• [SOURCE DATA]
::::::::::

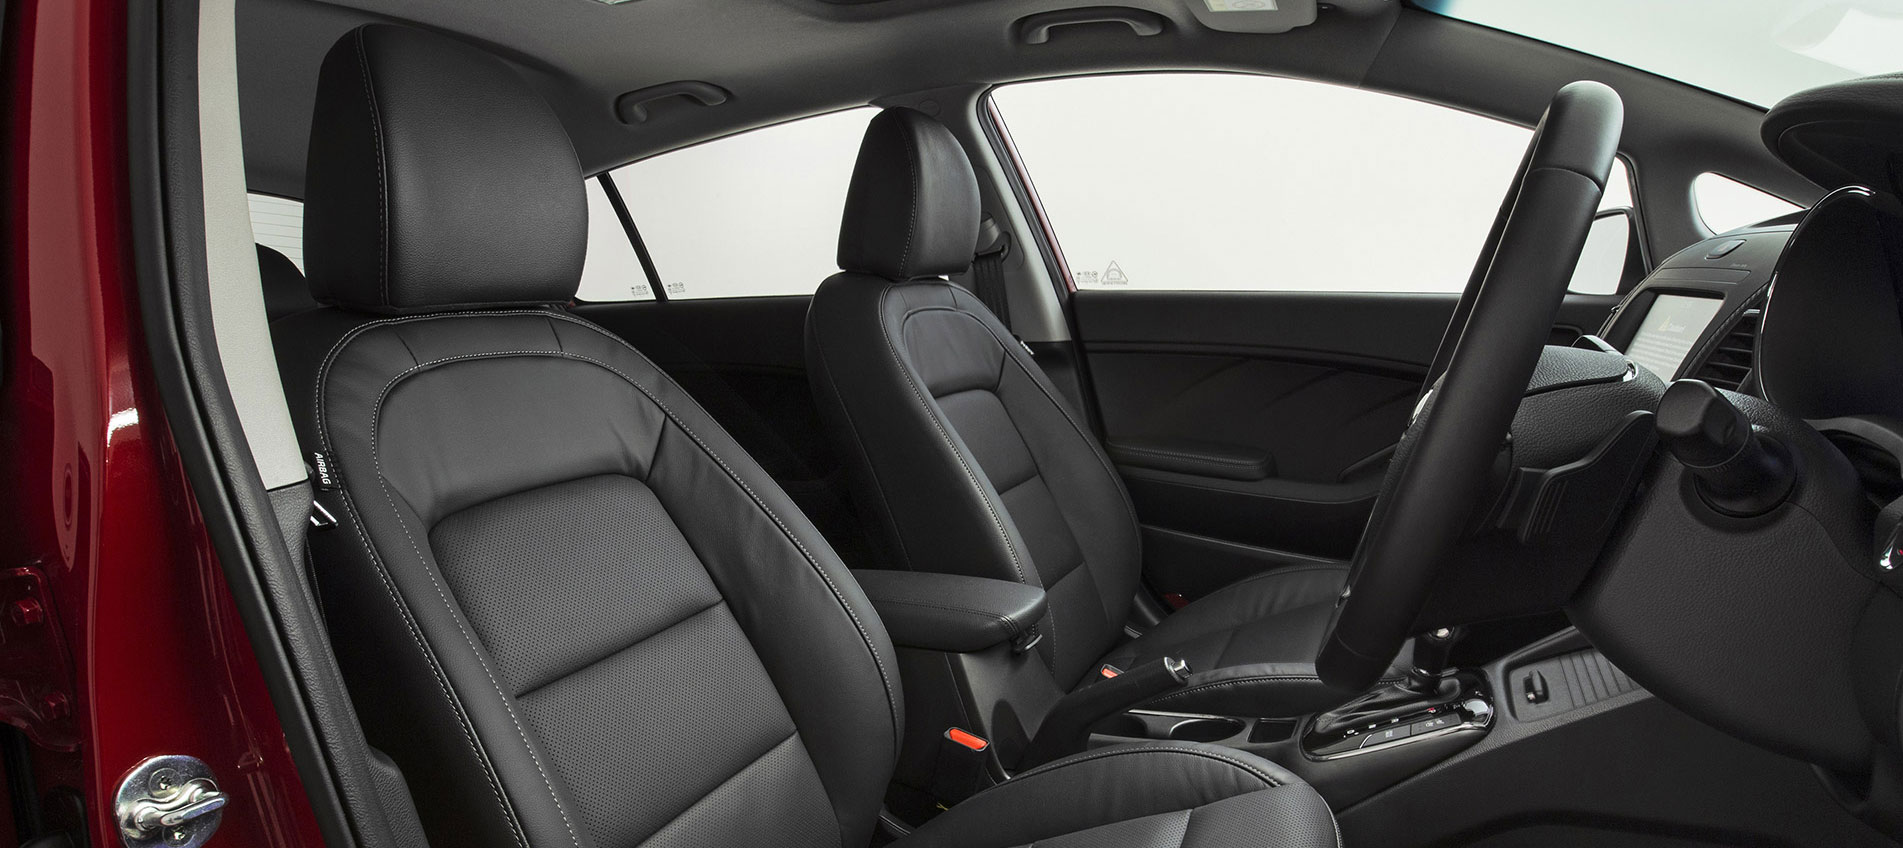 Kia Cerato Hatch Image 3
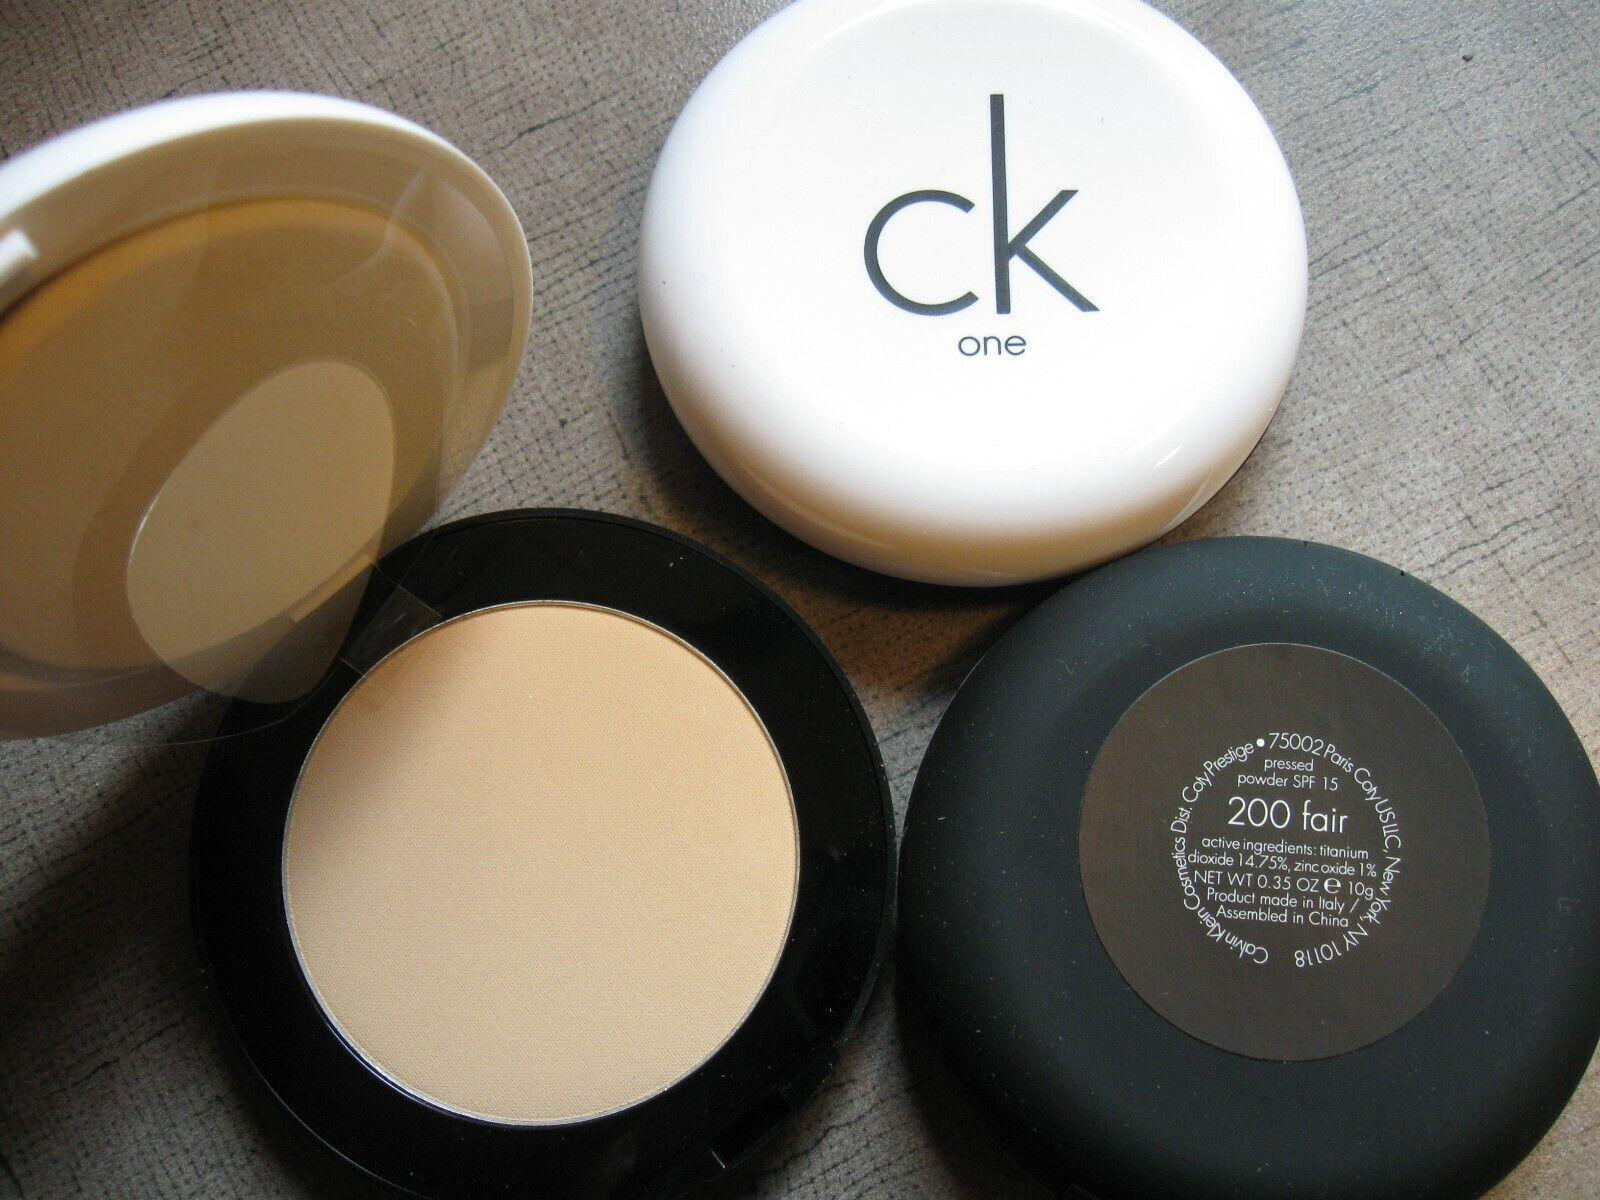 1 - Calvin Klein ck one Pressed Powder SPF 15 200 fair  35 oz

::::::::::

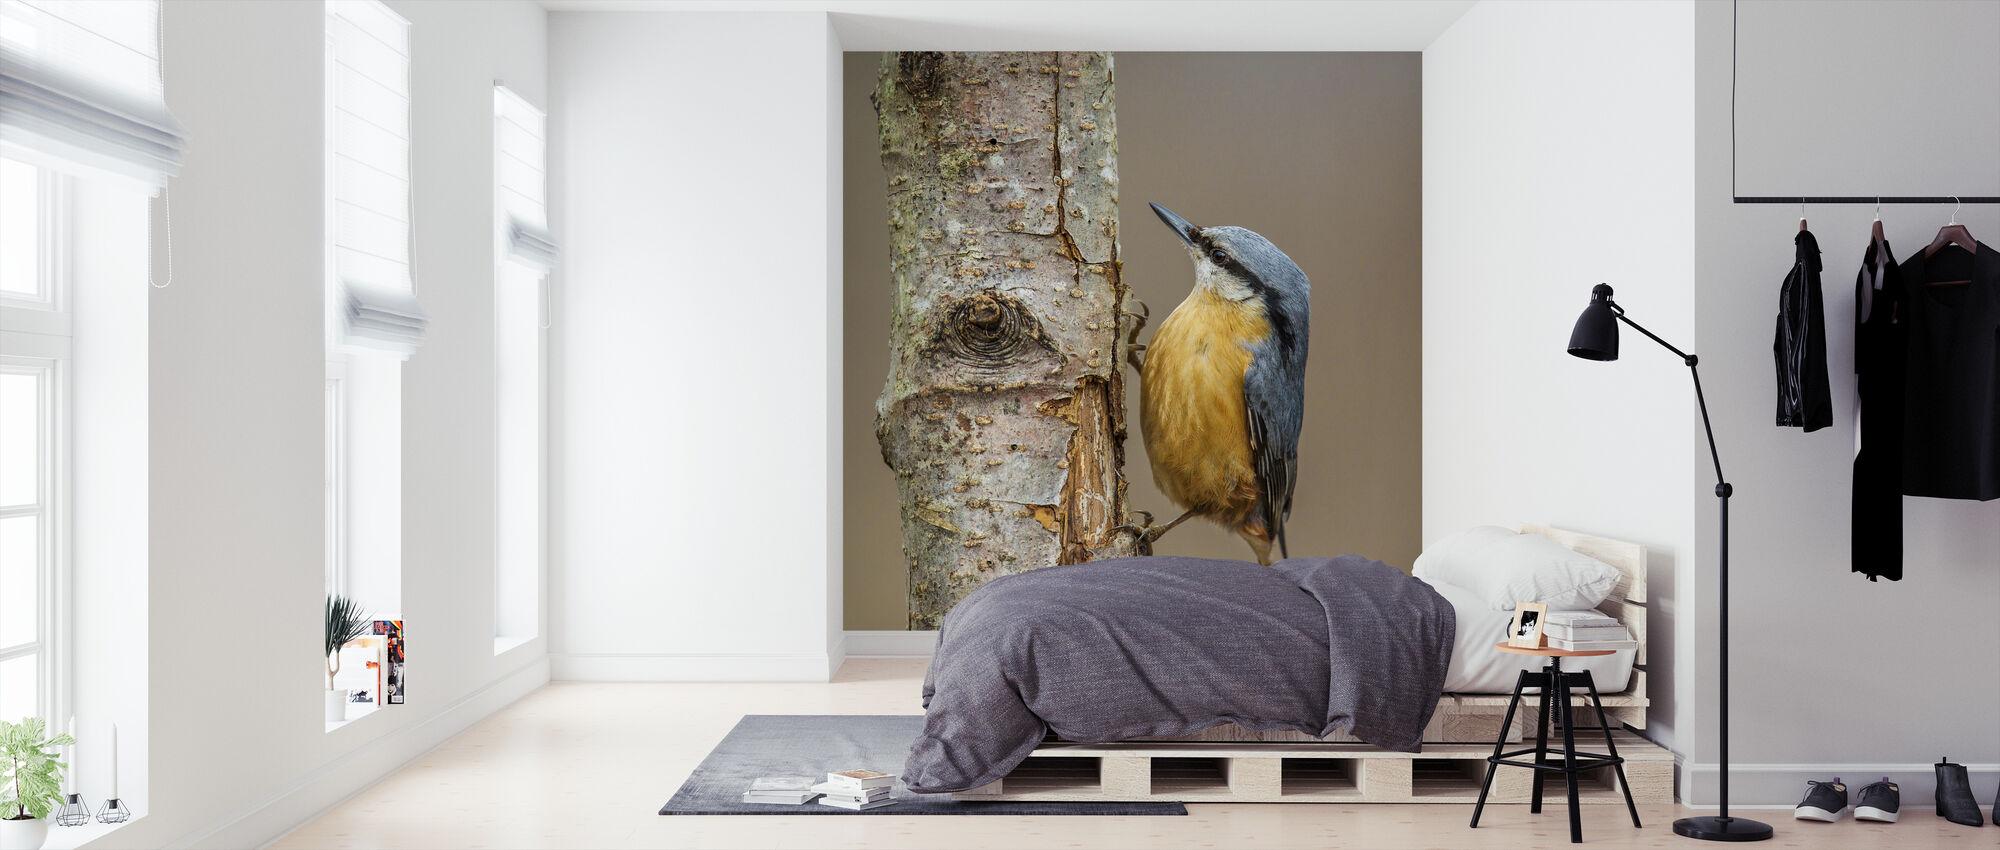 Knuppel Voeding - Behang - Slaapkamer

::::::::::

• [EXERCISE DETAILS] Repeat exactly the stretch of the listing above that starts with the line holding "Kia Cerato Hatch Image 3" and finishes with the line holding "1 - Calvin Klein", both included. Skip every picture.

• [ANSWER SECTION]
 Kia Cerato Hatch Image 3
 1 - Calvin Klein ck one Pressed Powder SPF 15 200 fair  35 oz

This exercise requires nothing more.